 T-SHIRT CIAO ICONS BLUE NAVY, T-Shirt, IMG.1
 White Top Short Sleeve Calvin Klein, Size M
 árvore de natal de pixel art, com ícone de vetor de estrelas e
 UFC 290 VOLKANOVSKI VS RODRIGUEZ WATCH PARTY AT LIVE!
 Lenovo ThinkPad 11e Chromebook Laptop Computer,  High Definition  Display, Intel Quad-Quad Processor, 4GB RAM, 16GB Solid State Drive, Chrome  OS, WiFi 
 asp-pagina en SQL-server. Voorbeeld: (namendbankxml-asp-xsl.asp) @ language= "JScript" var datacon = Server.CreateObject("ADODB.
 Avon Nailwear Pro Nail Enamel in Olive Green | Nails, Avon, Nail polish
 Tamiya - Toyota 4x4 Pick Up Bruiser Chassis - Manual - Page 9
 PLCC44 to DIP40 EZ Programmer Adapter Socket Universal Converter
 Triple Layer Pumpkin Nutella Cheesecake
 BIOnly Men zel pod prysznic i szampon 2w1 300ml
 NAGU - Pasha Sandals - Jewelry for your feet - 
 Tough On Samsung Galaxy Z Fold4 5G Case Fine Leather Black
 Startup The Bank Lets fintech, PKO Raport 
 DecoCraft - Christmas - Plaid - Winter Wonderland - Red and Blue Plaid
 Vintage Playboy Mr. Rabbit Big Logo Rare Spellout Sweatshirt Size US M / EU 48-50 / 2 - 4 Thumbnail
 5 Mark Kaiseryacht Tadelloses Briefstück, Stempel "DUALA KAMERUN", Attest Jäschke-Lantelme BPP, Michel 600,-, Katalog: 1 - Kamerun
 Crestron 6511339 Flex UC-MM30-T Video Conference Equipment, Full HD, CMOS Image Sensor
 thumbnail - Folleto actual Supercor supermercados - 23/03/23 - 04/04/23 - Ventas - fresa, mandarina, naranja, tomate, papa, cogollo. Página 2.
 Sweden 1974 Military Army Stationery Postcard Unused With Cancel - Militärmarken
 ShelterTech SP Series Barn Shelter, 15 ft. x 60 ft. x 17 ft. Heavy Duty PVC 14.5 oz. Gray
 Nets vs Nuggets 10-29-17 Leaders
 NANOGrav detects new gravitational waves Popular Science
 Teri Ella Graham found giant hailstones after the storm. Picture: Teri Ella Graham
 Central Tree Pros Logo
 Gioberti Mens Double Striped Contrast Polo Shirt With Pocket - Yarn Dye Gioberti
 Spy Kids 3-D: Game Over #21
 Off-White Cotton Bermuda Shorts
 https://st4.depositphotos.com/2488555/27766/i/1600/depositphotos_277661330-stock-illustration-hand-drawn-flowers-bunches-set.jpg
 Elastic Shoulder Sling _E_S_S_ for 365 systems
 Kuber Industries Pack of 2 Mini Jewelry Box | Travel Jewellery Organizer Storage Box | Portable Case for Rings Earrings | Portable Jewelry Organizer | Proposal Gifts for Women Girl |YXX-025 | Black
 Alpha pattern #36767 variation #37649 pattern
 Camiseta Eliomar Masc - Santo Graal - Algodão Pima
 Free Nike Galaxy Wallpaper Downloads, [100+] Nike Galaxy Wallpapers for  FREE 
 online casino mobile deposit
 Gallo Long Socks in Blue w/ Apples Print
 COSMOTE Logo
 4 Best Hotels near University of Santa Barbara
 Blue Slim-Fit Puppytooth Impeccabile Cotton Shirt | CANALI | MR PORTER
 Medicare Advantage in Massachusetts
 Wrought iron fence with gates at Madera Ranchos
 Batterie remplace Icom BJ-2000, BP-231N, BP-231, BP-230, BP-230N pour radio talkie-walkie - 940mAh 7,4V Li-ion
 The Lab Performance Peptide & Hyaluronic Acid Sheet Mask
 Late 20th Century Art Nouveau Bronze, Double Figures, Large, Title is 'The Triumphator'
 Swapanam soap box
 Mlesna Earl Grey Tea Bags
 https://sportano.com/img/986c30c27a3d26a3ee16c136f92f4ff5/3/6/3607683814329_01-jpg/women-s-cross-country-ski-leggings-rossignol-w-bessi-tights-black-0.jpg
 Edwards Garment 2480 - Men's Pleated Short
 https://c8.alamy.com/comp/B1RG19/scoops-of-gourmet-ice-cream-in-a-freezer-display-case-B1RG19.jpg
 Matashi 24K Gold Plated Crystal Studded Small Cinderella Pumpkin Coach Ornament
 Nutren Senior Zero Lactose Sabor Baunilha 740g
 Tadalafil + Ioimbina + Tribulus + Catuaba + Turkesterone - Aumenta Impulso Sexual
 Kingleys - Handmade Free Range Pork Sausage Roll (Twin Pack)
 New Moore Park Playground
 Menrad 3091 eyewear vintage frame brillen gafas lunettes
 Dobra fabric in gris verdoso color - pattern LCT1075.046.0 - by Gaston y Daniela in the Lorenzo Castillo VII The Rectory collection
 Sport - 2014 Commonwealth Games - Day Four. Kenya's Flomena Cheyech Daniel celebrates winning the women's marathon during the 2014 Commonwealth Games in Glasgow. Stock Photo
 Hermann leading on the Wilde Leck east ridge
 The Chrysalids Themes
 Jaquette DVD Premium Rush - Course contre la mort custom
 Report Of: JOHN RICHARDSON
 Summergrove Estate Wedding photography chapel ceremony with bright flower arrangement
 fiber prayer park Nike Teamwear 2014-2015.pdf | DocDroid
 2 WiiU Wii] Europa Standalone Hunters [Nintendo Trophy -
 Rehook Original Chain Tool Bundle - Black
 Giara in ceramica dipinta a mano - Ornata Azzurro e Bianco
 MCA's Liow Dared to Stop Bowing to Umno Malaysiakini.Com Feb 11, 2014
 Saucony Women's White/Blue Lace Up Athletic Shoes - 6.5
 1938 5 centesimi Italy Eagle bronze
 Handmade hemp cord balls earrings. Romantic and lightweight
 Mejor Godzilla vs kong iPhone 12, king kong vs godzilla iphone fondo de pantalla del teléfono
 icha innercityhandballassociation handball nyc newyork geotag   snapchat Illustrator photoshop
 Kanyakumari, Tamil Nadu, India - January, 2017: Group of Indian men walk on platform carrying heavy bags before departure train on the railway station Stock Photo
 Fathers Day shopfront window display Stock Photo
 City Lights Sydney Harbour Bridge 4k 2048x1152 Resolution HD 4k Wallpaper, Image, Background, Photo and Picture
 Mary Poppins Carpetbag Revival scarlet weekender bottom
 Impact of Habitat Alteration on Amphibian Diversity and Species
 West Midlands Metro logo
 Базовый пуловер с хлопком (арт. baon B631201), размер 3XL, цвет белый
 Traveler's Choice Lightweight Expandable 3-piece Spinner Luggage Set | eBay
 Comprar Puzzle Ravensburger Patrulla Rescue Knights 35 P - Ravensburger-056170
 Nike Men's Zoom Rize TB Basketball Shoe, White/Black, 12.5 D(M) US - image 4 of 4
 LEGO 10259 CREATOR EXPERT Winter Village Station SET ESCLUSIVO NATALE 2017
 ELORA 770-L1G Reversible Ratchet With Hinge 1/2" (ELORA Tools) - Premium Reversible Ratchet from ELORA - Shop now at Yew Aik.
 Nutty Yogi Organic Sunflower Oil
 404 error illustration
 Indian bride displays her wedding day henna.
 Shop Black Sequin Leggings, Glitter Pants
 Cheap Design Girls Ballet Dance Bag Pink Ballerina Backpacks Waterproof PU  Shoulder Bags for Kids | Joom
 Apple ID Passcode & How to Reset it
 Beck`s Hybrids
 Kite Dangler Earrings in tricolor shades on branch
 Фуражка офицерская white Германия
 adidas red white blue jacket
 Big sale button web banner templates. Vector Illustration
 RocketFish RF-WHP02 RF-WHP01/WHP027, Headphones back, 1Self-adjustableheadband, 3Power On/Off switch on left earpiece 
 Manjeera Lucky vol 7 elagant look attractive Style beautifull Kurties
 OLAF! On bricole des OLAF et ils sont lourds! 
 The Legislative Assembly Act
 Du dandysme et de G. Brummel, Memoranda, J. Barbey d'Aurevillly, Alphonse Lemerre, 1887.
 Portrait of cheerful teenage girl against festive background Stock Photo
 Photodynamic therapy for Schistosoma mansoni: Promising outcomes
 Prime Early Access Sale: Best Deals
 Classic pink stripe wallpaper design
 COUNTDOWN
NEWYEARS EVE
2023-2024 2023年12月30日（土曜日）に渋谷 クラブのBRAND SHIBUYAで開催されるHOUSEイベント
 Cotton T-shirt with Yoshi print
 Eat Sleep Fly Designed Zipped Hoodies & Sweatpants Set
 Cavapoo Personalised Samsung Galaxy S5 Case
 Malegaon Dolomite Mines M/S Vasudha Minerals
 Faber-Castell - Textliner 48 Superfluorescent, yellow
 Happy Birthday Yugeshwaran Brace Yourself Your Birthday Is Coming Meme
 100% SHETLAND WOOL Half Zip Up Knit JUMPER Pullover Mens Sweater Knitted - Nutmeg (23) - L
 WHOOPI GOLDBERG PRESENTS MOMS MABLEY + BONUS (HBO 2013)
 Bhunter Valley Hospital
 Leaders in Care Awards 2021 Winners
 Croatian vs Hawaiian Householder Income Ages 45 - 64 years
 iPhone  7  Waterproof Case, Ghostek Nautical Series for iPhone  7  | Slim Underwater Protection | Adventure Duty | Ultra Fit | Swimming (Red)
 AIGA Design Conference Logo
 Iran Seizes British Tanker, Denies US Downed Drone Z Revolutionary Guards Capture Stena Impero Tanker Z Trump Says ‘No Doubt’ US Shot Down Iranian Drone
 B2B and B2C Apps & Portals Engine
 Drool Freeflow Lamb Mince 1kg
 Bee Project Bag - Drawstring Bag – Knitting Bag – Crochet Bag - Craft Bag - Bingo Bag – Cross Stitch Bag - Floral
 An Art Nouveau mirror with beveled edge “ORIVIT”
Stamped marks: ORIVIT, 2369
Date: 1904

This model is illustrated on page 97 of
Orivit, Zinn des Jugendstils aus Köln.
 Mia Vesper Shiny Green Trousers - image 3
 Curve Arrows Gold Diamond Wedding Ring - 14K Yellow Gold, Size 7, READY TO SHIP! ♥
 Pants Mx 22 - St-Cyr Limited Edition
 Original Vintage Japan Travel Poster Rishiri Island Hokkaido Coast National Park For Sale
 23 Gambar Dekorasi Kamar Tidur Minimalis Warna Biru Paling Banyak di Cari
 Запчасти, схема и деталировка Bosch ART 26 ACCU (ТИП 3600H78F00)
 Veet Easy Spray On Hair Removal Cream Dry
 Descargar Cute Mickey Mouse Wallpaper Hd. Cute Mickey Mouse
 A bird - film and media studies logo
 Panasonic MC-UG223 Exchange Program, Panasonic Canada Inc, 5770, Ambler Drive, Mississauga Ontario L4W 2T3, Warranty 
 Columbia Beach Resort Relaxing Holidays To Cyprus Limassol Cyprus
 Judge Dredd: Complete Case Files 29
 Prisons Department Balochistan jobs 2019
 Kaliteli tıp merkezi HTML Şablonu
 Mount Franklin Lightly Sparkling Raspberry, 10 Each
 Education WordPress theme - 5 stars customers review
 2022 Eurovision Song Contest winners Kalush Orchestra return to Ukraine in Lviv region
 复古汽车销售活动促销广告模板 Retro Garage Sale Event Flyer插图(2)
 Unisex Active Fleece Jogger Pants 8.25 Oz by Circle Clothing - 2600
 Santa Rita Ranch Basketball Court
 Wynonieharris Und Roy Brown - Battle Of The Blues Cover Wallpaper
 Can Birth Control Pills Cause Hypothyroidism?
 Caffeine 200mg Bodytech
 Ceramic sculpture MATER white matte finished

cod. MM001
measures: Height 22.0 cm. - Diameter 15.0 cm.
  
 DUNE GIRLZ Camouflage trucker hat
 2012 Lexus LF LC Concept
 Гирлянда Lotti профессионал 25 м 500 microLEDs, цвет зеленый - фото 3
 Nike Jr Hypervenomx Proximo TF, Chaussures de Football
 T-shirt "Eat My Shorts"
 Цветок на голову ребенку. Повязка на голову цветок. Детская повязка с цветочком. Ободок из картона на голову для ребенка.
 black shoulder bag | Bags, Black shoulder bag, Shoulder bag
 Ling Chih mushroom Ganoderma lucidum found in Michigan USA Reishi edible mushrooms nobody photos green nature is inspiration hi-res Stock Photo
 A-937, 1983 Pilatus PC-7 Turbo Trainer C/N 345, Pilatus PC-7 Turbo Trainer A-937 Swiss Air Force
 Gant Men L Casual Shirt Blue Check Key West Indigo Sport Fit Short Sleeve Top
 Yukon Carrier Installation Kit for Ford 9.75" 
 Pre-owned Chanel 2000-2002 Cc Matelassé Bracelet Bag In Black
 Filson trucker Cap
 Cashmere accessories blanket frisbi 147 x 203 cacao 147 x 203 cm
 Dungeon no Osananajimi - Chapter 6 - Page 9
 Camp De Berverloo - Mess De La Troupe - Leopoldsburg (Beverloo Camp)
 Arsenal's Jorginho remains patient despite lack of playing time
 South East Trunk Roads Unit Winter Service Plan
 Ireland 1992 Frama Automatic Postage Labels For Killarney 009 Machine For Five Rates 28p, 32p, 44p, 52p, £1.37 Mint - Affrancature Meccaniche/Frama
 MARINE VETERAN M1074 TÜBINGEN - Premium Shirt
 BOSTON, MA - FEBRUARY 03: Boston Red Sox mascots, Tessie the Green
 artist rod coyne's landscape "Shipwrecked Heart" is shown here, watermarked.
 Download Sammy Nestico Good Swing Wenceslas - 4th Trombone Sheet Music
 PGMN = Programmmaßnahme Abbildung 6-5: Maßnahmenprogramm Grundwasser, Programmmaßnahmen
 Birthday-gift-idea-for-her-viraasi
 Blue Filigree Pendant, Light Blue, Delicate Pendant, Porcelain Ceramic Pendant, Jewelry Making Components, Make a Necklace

_TASK REQUIREMENTS_
Return word for word the lines above from the line with "Leaders in Care Awards 2021 Winners" to the line with "An Art Nouveau", including both and leaving out all others.

_ANSWER TO THE PROBLEM_
 Leaders in Care Awards 2021 Winners
 Croatian vs Hawaiian Householder Income Ages 45 - 64 years
 iPhone  7  Waterproof Case, Ghostek Nautical Series for iPhone  7  | Slim Underwater Protection | Adventure Duty | Ultra Fit | Swimming (Red)
 AIGA Design Conference Logo
 Iran Seizes British Tanker, Denies US Downed Drone Z Revolutionary Guards Capture Stena Impero Tanker Z Trump Says ‘No Doubt’ US Shot Down Iranian Drone
 B2B and B2C Apps & Portals Engine
 Drool Freeflow Lamb Mince 1kg
 Bee Project Bag - Drawstring Bag – Knitting Bag – Crochet Bag - Craft Bag - Bingo Bag – Cross Stitch Bag - Floral
 An Art Nouveau mirror with beveled edge “ORIVIT”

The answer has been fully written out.